Genomic alterations were found in 78.6% of patients, with an average of 3.3 genomic alterations per patient. For patients receiving first-line therapy, the average number of ctDNA alterations was 2.9, compared with 3.7 for those in the cohort who were receiving second-line therapy. The median (range) ctDNA variant allele fractions were 0.23 (0.05-9.92) in the first-line group and 0.24 (0.04-47.14) in second line.
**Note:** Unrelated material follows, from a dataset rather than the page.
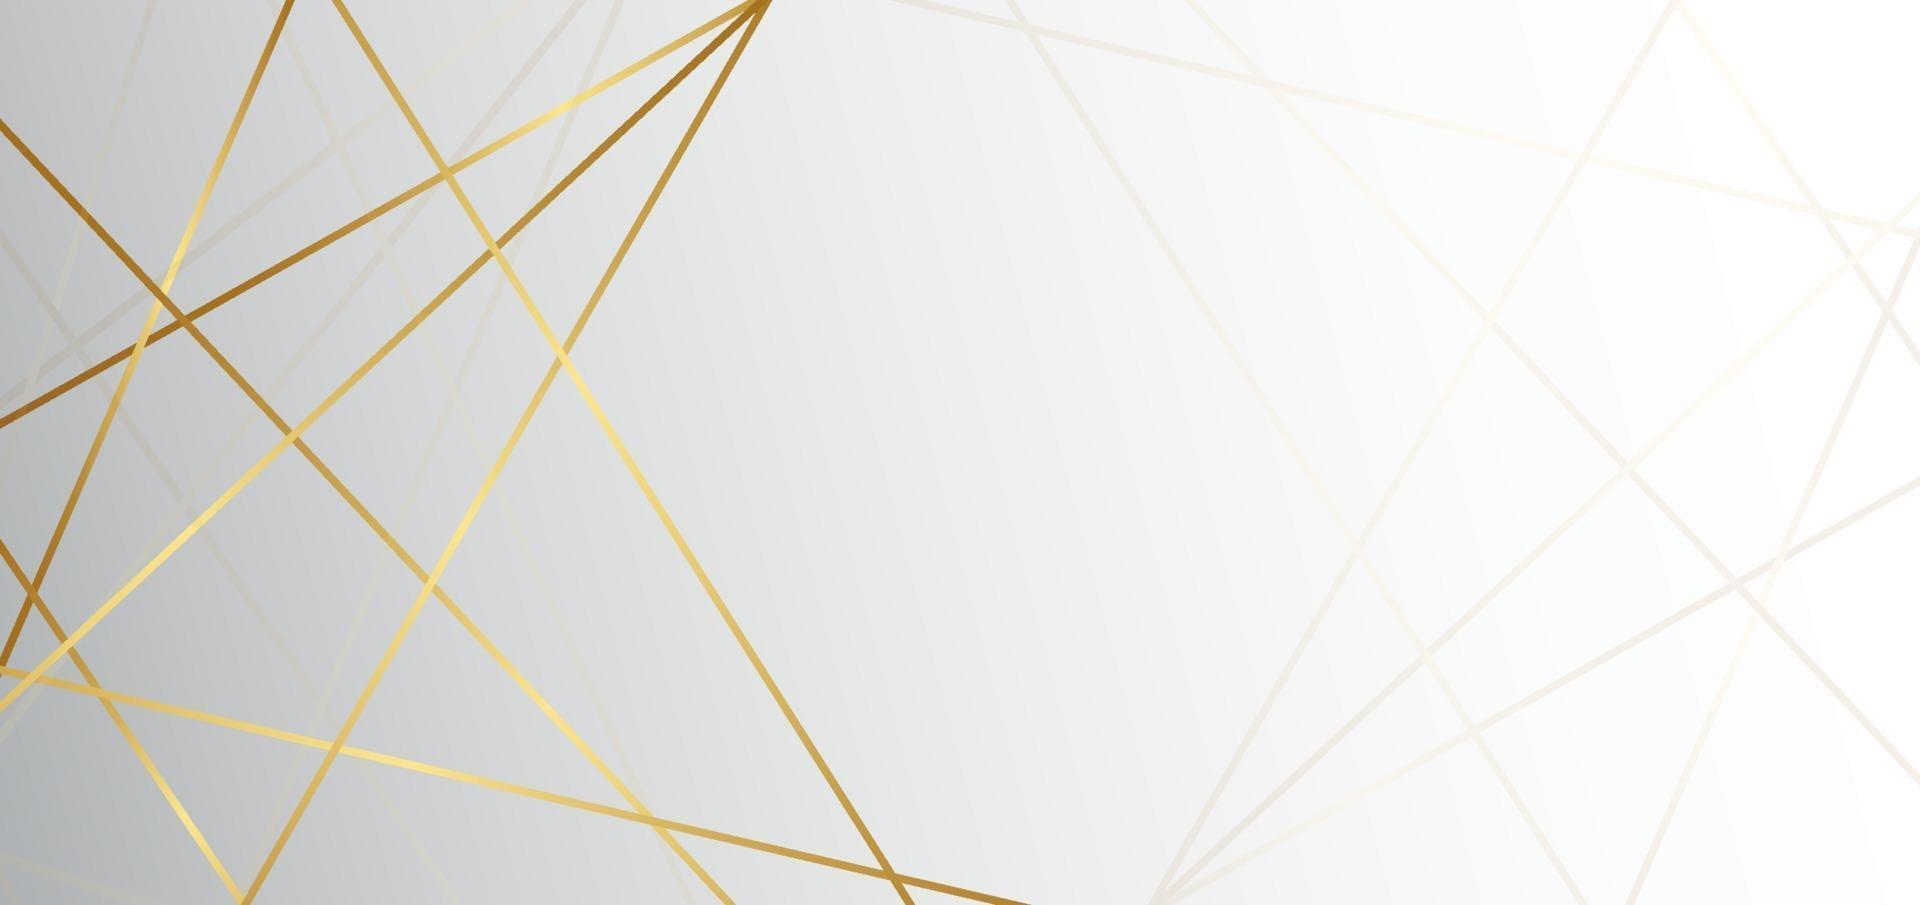 abstrato base triângulo branco e cinza com linha dourada luxo. você pode usar para anúncio, pôster, modelo, apresentação de negócios. vetor

The authors observed that there were disparities in genomic alterations between both patient cohorts, with the highest disparity seen in (second vs. first line) TP53 (49% vs. 25%), VHL (29% vs. 25%), NF1 (20% vs. 15%), EGFR (17% vs. 21%), and PIK3CA (17% vs. 8%).

“These alterations underscore potential mechanisms of resistance,” said Dr. Pal.

He also pointed out that there were significant differences between the current dataset and other published reports, which may reflect the advanced state of the disease of the patients in this study.

Efforts are also ongoing to add detailed data on demographics and clinical outcomes to the current dataset, Dr. Pal added.

Acting as the paper’s discussant, Primo N. Lara Jr., MD, of the University of California, Davis, Comprehensive Cancer Center pointed out that as there are no validated biomarkers of drug resistance or tumor evolution and that liquid biopsy offers a potential platform.

The use of ctDNA is a “convenient technology that offers new means to assess RCC biology,” said Dr. Lara, but the caveat is that it is “still in its infancy and has no immediate clinical application.”

The current study is “hypothesis generating only.” ctDNA changes need to be related to outcome following treatment, and the functional role of genomic alterations in RCC biology must be validated, he said.